High-temperature stress is one of the main abiotic stresses leading to stunted growth, sharp yield reduction, and deterioration of fruit quality of strawberries in South China. Understanding the research status of the molecular response mechanisms of strawberry to high-temperature tolerance not only provides precise gene targets and theoretical support for the breeding of high-temperature-tolerant strawberry varieties, but also can guide the formulation of targeted cultivation and management measures such as sunshade cooling and spraying of stress-resistant regulators. These measures can effectively enhance the high-temperature resistance of strawberry plants, ensuring the stable annual output of the strawberry industry in South China and the improvement of the rate of high-quality fruits. This article reviews the latest research progress on the molecular response mechanisms of strawberry to high-temperature tolerance. Starting from the physiological effects of high-temperature stress on strawberries, the article systematically expounds on key molecular response pathways such as heat shock proteins, antioxidant systems, osmotic adjustment substances, and hormone signal transduction. Among them, the heat shock protein family can protect cell structures by maintaining protein homeostasis under high-temperature induction; in the antioxidant system, the activities of enzymes such as superoxide dismutase (SOD) and catalase (CAT) increase significantly, which work together to scavenge excessive reactive oxygen species (ROS) and reduce the damage of cell membrane lipid peroxidation. Osmotic adjustment substances enhance water retention capacity by increasing cell osmotic pressure. In hormone signal transduction, abscisic acid (ABA) and salicylic acid (SA) construct a multi-level heat tolerance regulatory network by regulating the expressions of downstream stress-resistant genes. In addition, it also introduces the application of transcriptomics, proteomics, and metabolomics in the research on plant high-temperature tolerance, providing technical support for the analysis of the strawberry heat tolerance mechanism. These research results provide a theoretical basis for in-depth understanding of the molecular mechanisms underlying strawberry heat tolerance and stress-resistant cultivation, and also offer resources for accelerating molecular design breeding of high-temperature-tolerant strawberries.

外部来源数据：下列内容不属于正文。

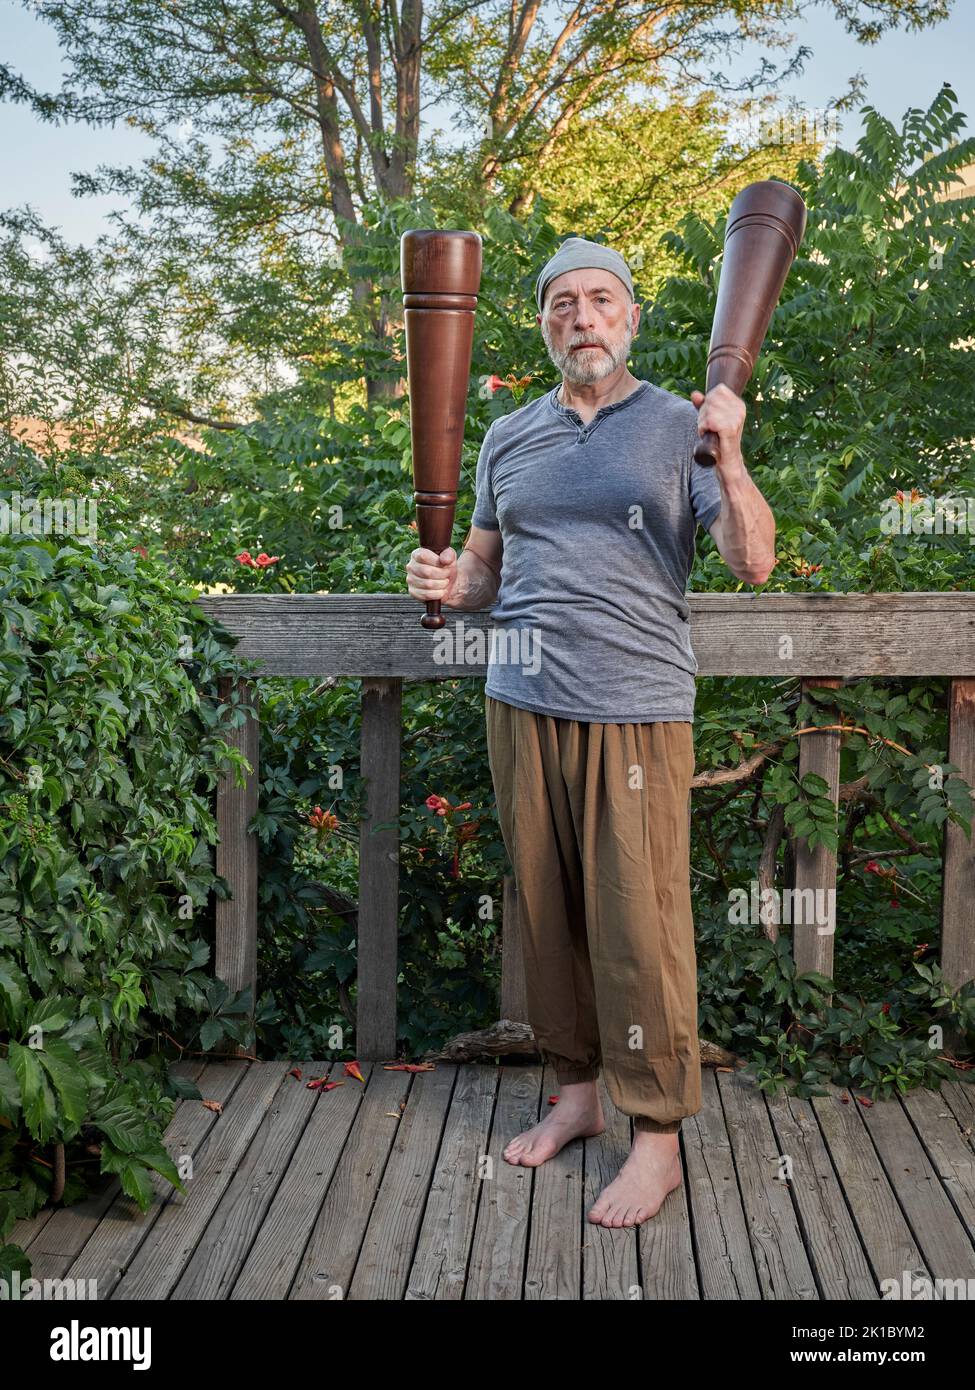 L'homme âgé (fin 60s) fait de l'exercice avec de lourds méels persans dans son patio d'arrière-cour, concept de forme physique fonctionnelle utilisant des outils traditionnels Banque D'Images

Key words: strawberry, high-temperature stress, heat shock protein, antioxidant system, osmotic adjustment substances, plant hormones, signal transduction, omics

吴夏明, 刘传和, 贺涵, 周陈平, 杨敏, 邝瑞彬, 徐泽, 魏岳荣. 草莓耐高温分子响应机制的研究进展[J]. 生物技术通报, doi: 10.13560/j.cnki.biotech.bull.1985.2025-0913.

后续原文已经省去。